----- DATASET -----

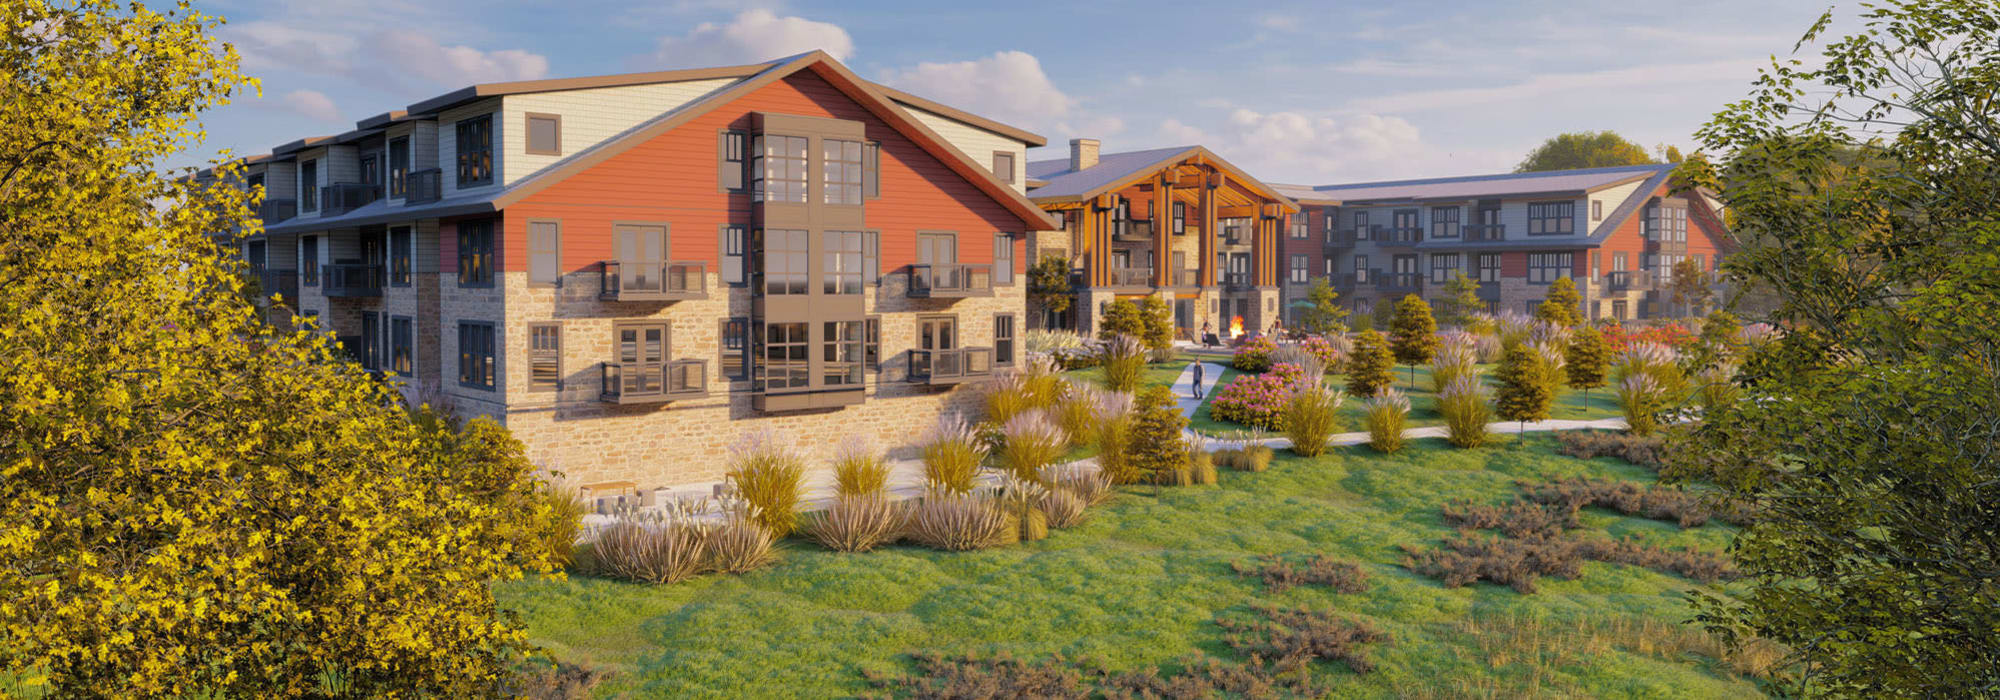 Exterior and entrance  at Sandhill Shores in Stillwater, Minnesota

-----
----- DATASET -----

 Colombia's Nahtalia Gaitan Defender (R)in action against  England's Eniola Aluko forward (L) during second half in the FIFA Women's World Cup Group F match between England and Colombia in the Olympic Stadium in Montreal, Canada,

-----
----- DATASET -----

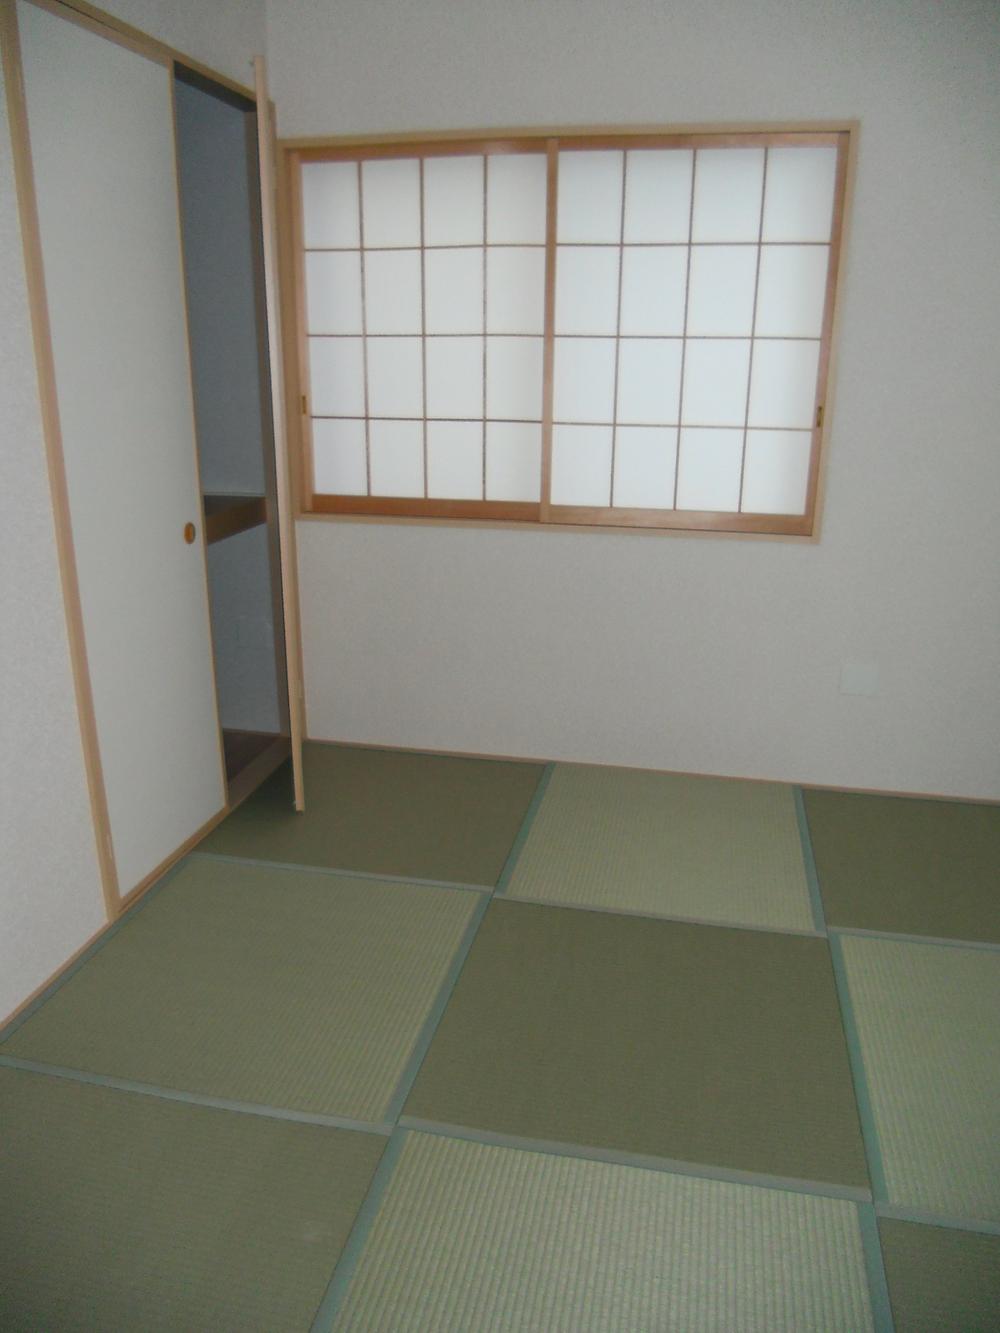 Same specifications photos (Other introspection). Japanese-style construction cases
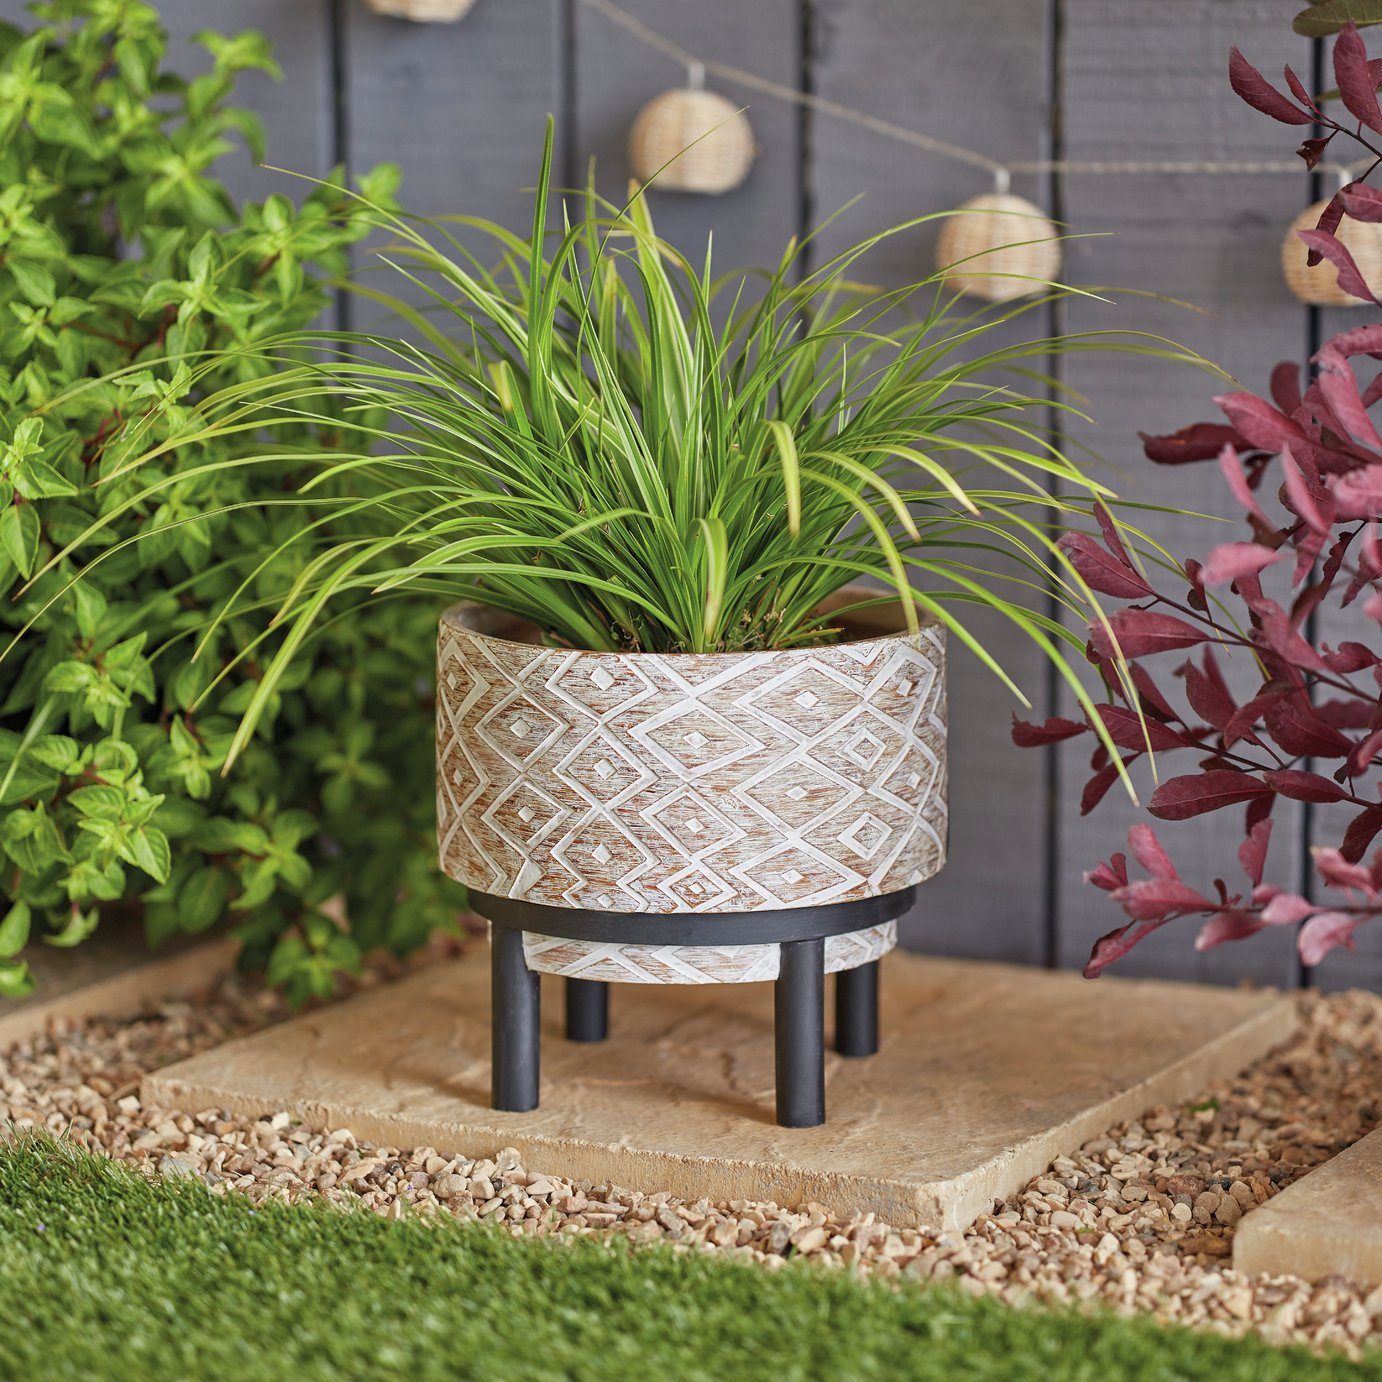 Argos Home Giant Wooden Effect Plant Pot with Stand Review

-----

Beginning with the line above that contains "Same specifications photos" and finishing with the line that contains "Argos Home Giant", print those lines exactly and only. Skip all pictures.

ANSWER BELOW:
 Same specifications photos (Other introspection). Japanese-style construction cases
 Argos Home Giant Wooden Effect Plant Pot with Stand Review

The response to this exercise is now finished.